# Testen ob server online ist



## tester (10. Jul 2006)

Hi,
Ich habe folgendes Problem. Ich habe ein client server tool geschrieben. Wie kann ich jetzt vom client aus testen ob der server online ist?
Wenn er nicht online ist hängt das Programm immer am socket.
An dieser stelle.

```
Socket s=new Socket(ip,port);
```
Wie kann ich im vorraus klären ob der server online und erreichbar ist?
Das Problem ist ja das ich an dieser stelle noch kein timeout senden kann.
Hat einer eine idee?


----------



## millinär (10. Jul 2006)

falls er nicht ereichbar ist wird eine Exception ausgelös  
ich hab jetzt keine ahnung wie die heist weil ich fast immer alles als einfache Exception behandle 
aber was eine Exception ist weist du oder?

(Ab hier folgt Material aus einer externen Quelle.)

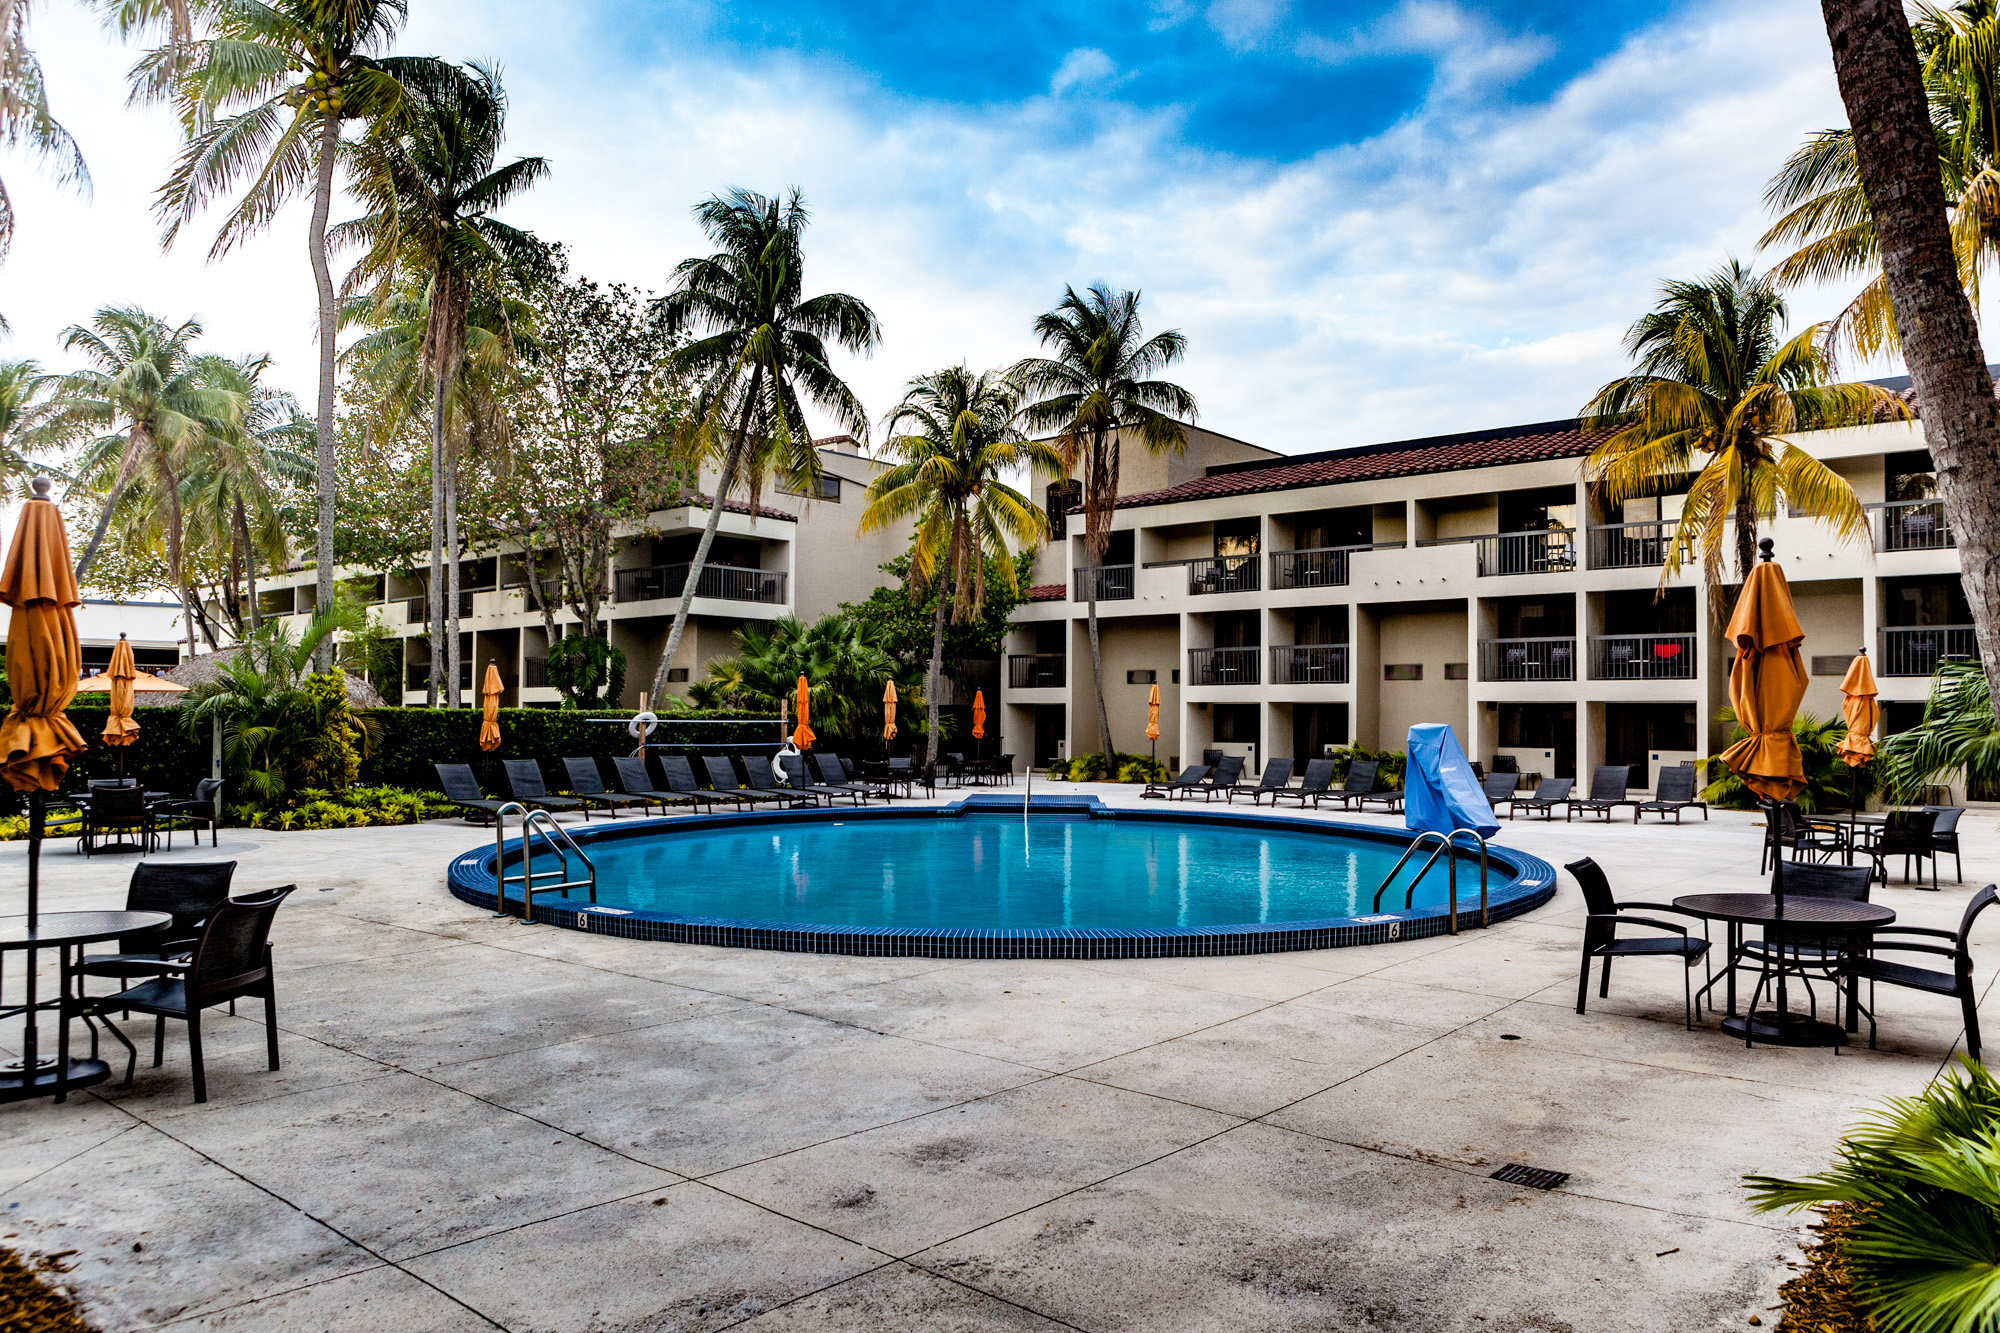 Hotel Review: Shula's Hotel & Golf Club
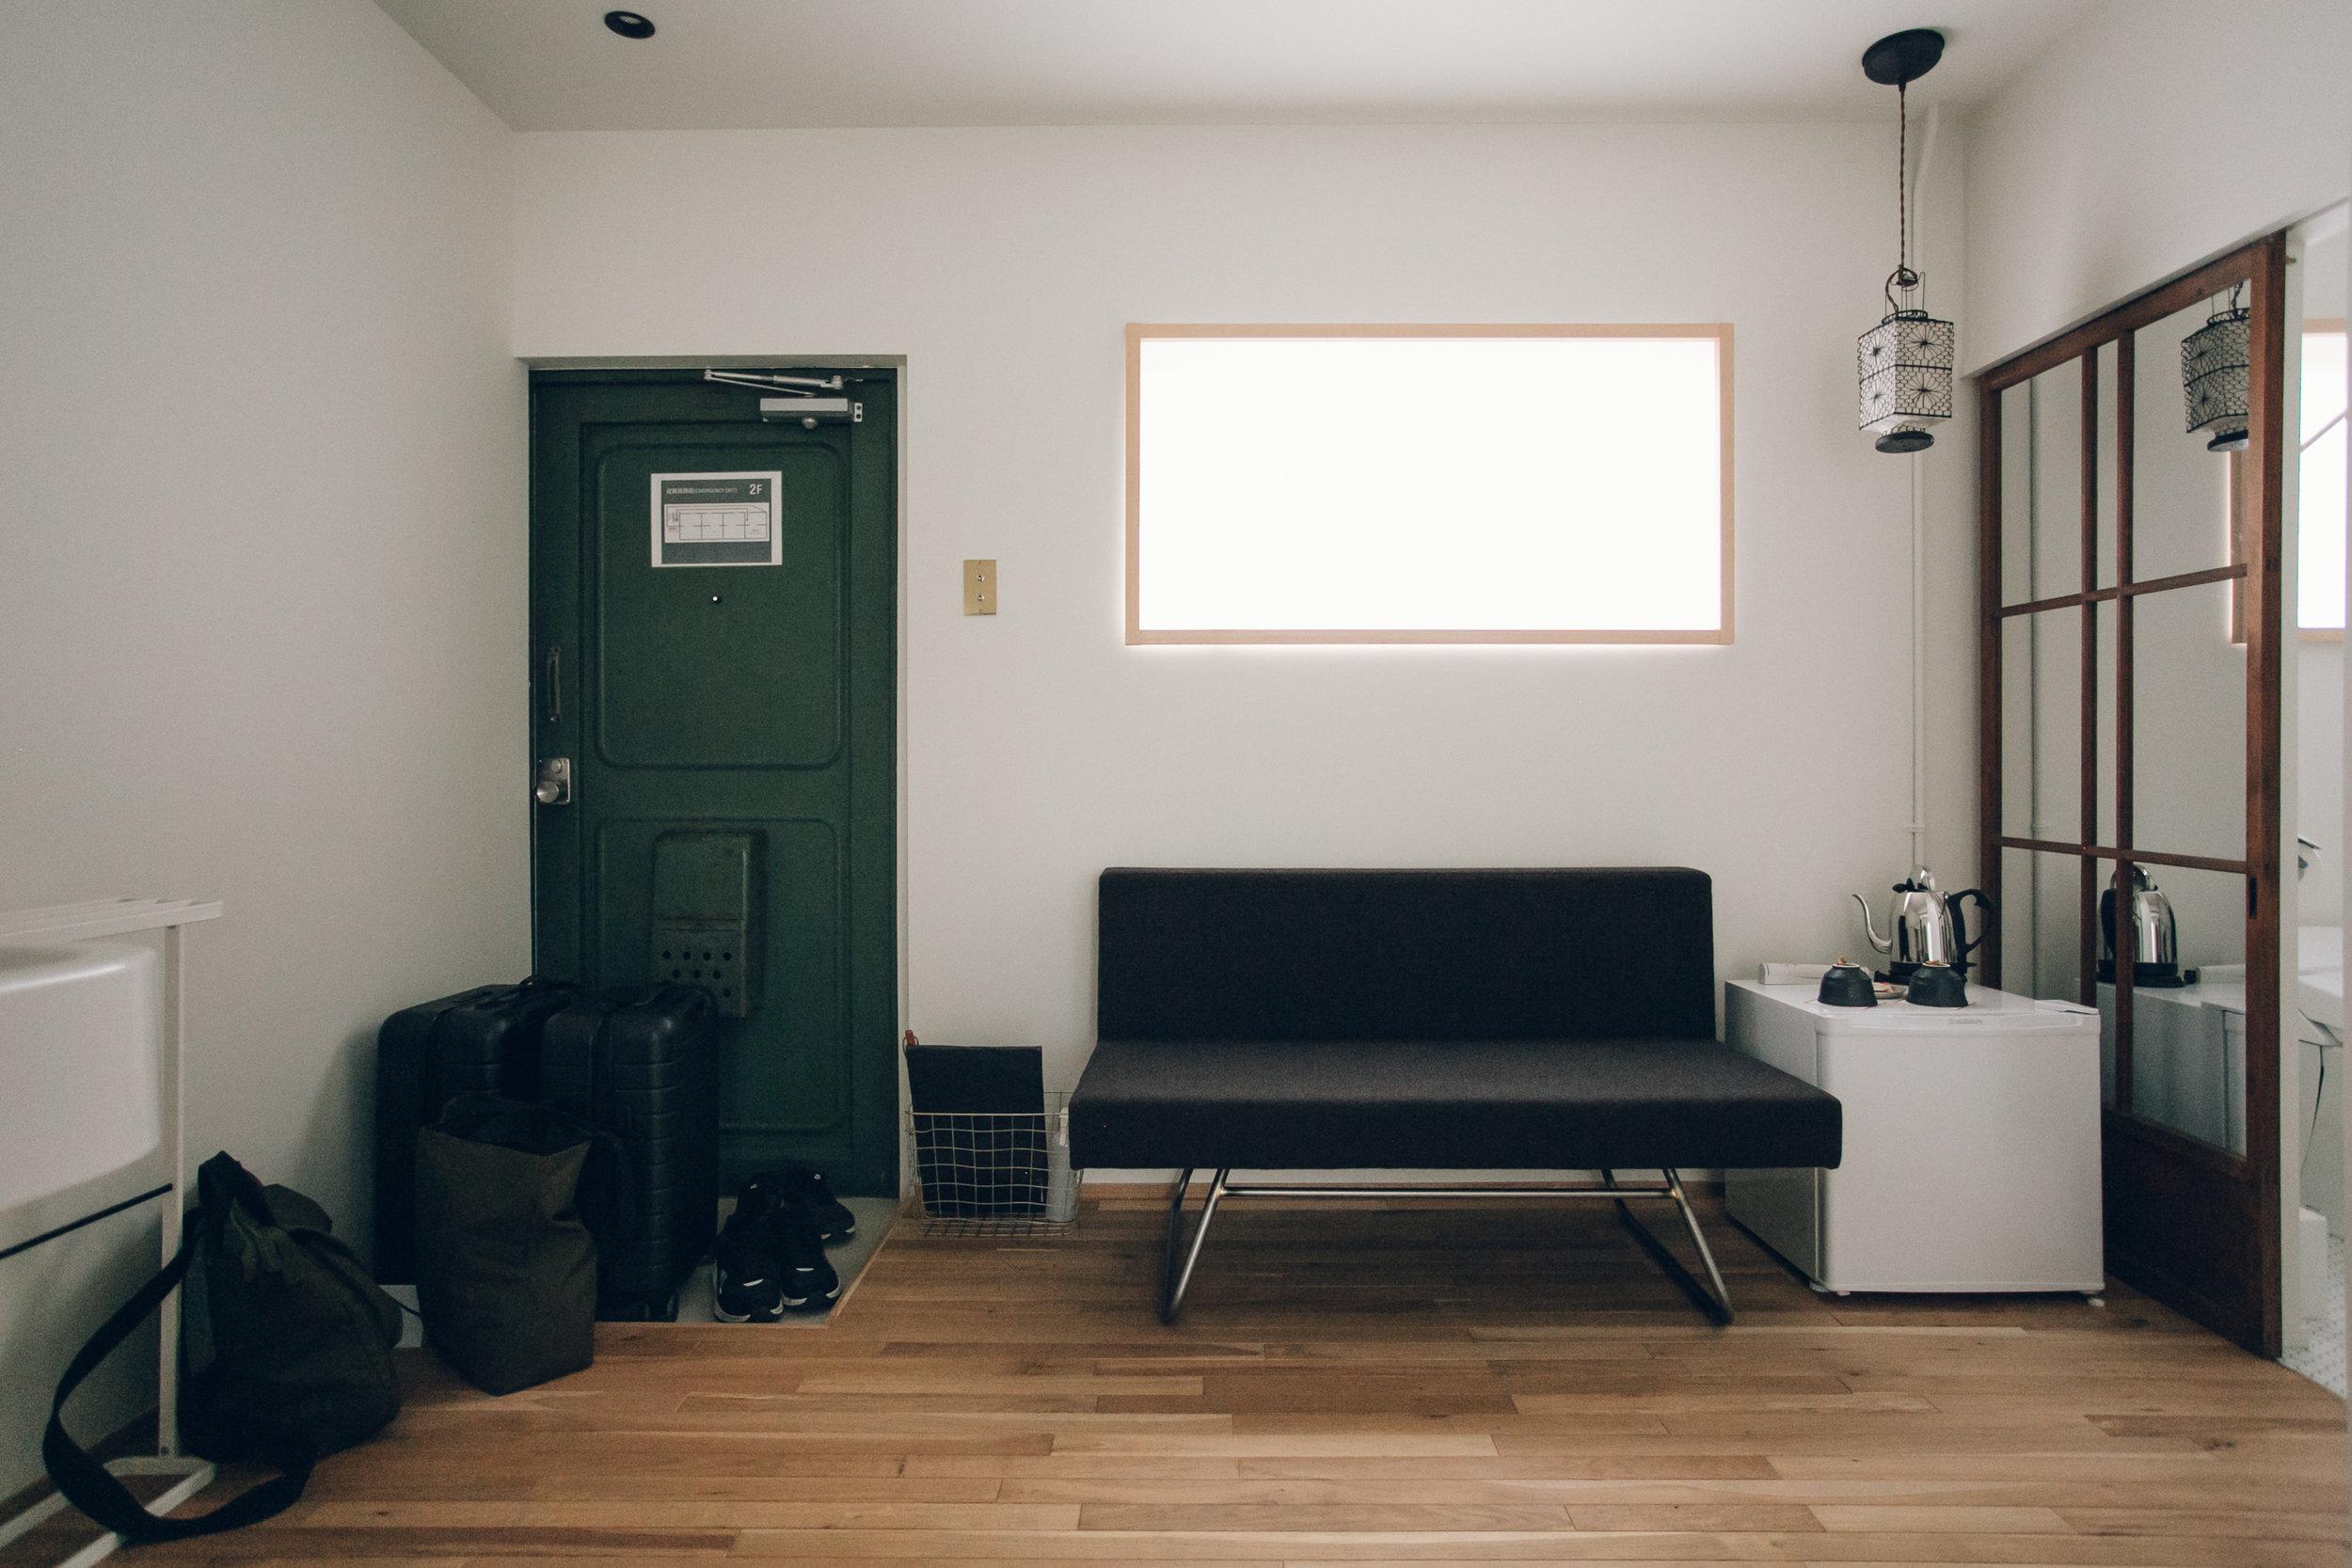 Concrete interior. Our Airbnb in Kyoto - Haarkon in Japan.

hab mal nachgeschaut : ich glaub ConnectException aber du musst generell alle IOExceptions abfangen

```
try{

Socket s=new Socket("342",34);
}
catch(ConnectException uhe){
// hier landest du falls der Server noch nicht online ist in der regel
}
catch(IOException ioe){

}
```

aber die Exception wird manchmal auch dann aufgerufen falls man aus einem anderen grund den server nicht erreicht
aber eigentlich sollte das reichen


----------



## derDachs (10. Jul 2006)

wie millinär schon sagt, die Exception benutzten, du kannst auch einfach nur Exception abfangen und einfach keine genaue bestimmen, dann wird zwar jede gefangen und du weist nicht welche es war, aber es stürzt halt nichts ab..

Excpetions sollte man immer einsetzen wenn möglich(nötig) also da wo critische vorgänge ablaufen, das ist einfach ein Grundgedanke den man so benutzen sollte, wie gewürze am essen.. 

mfG derDachs


----------



## derDachs (10. Jul 2006)

oh jetzt vergesse ich glatt mein eigendlichen Post...
du kannst den server auf jedenfall anpingen...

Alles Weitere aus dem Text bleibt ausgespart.